第515話 聖女候補生育成所

 ミリーズは無言のまま俺たちの先を歩き、目的地へと案内していく。人通りが疎らな敷地、所々壊れた建物… それらの状況に無言で歩き続けるミリーズの後ろ姿には言葉にせずとも様々な感情や思いがある事を感じられて、俺も不用意に辺りの環境に感想を述べる事は憚られた。


 そして、とある分かれ道で以前俺たちが使っていた宿泊施設に向かう方向とは別方向にミリーズが曲がり始める。



「あれ? こっちじゃないの?」



 そんなミリーズに俺は黙っていたがカローラが声をあげる。すると、ミリーズはチラリと肩越しに振り向いて歩きながら答える。

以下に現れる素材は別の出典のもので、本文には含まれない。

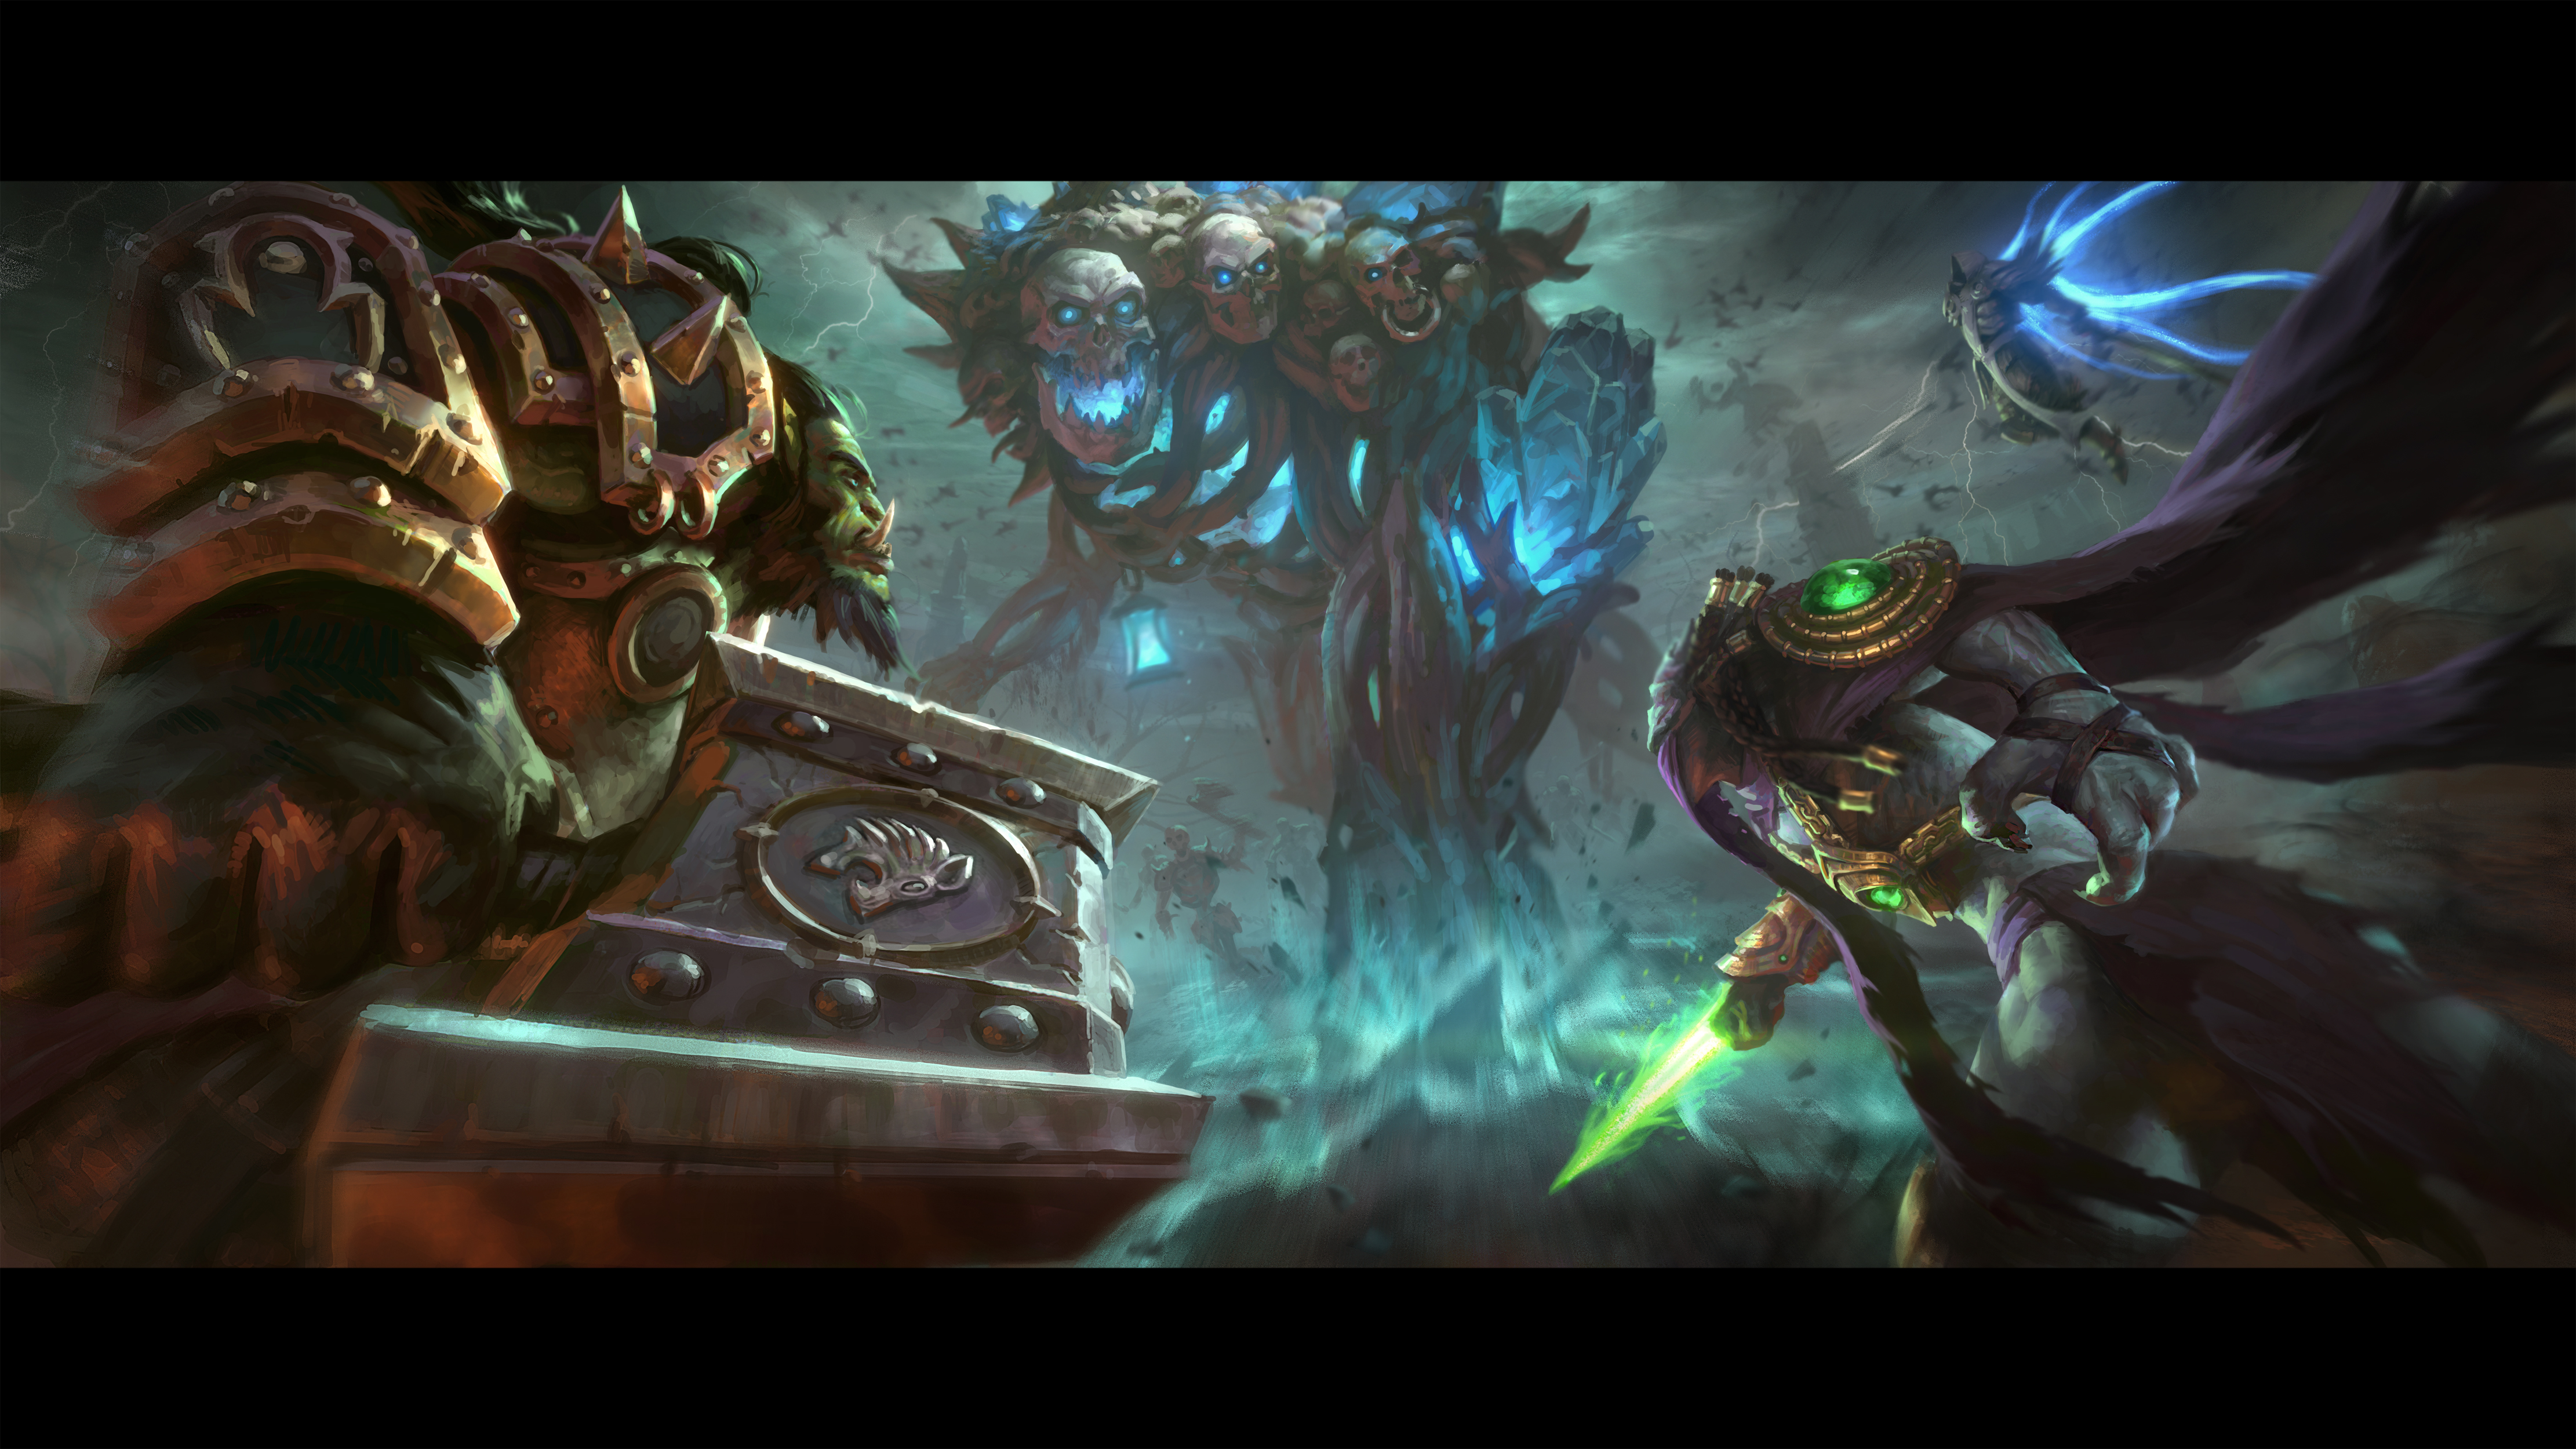 Battle against Grave Golem
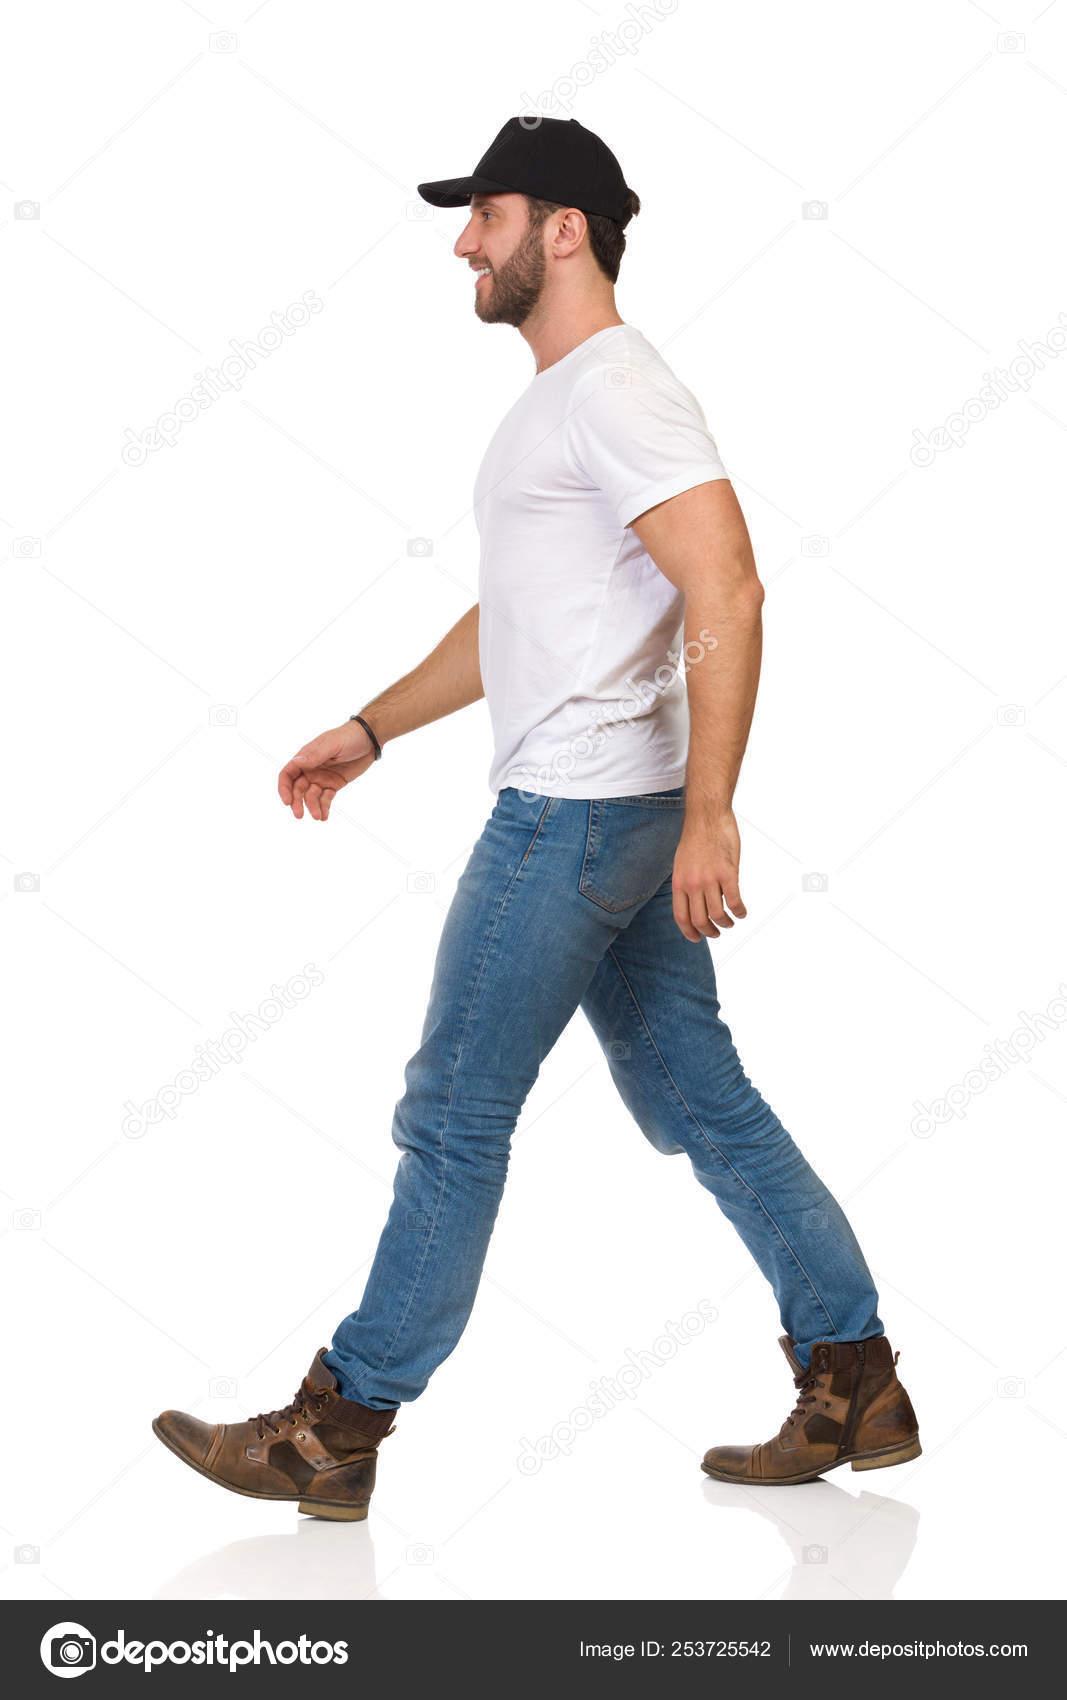 Hombre camina feliz en camiseta blanca, pantalones vaqueros

「えぇ、以前使っていた宿泊施設はもう使えなくなったから別の場所を使っているのよ」



 ミリーズはカローラに微笑みを浮かべて答えたが、その微笑みには一抹の悲しさや虚しさが含まれていた事に俺は気が付く。すると今度は俺とカローラの後ろを歩くベータが声を上げる。



「安心してください、キング・イチロー様とカローラ様の荷物もちゃんと、新しい宿泊場所に移動して補完していますから」


「そうなんだ…ちゃんと補完してくれているんだ…」



 ベータの言葉にカローラは安心したように答えるが、だが少し何か引っかかるような顔をしながら歩き続ける。そして、暫く歩いた後…



「あっ!!」



 と何かを思い出してカローラが声をあげる。



「どうした?カローラ」


「カードですよ! カードっ! 私が転移する前に引き当てたカードっ!! それもウルトラSSRのっ!!」


 

 どうしたと尋ねる俺にカローラは鼻息を荒くする。確かに転移する前にようやくSSRのカードを引き当てて式典の最中なのに駆け寄って来たんだったな…



「カローラちゃん、それなら大丈夫よ」



 ミリーズが振り返って答える。



「大丈夫って?」


「カローラちゃんが消えた後、片づけしていた時に、シュリちゃんがカードを粗末に扱うとカローラちゃんが帰って来た時に修羅の様に暴れるって言ってたから、ちゃんとシュリちゃんの言う通りにスリーブ?ってのに入れて大切に保管しているわ」


「ふぅ… ちゃんとスリーブに入れて保管していてくれているんだ… 今度シュリにあった時にお礼を言っておかないとね」


 そう言ってカローラは胸を撫で降ろす。


「…まぁ、向こうに行った時もいの一番にカードの事を心配していたからな…」


「あっ 見えてきたわよ、イチロー」


 そう言ってミリーズは教会の敷地の中で他の施設とは離れてポツンと一つある大きなお屋敷を指差す。


「なんだか、学校の寄宿舎みたいな建物だな~」


「ふふふ、イチローよく気が付いたわね。ここは聖女候補生の養成所よ。教会内の完全中立はここだけだから、ここにお世話になっているのよ」


「そう言えば、そんな事を言っていたな… でもいいのか?」


「何が?」


 ミリーズがキョトンとした顔で俺を見る。


「いや、その聖女候補の養成所なんだろ? 女の子が多いって事だろ?  ってことは、大人しい羊の群れの中に、自分で言うのもなんだけど狼の様な男を招き入れる事になるんだぞ?」


 案内したのがミリーズでなく、男性であれば俺に女食いたい放題のバイキングに接待されたと思っただろう。


「あぁ…そのこと? まぁ、中に入って見れば分かるわ」


 そう言ってミリーズは扉を押し開いて中に進む。


「あっ!」


「ミリーズ様だ!」


「お帰り~ミリーズ様ぁ~!」


 扉を開けたとたん10歳前後の女の子たちがわらわらとミリーズの姿に気がついてその周りに集まり始める。


「ただいま~ みんな~ いい子にしていた?」


「なるほど…そういう事か…」


 10歳前後の少女が群がるミリーズの姿を見て、俺はふっと溜息をしながら言葉を漏らす。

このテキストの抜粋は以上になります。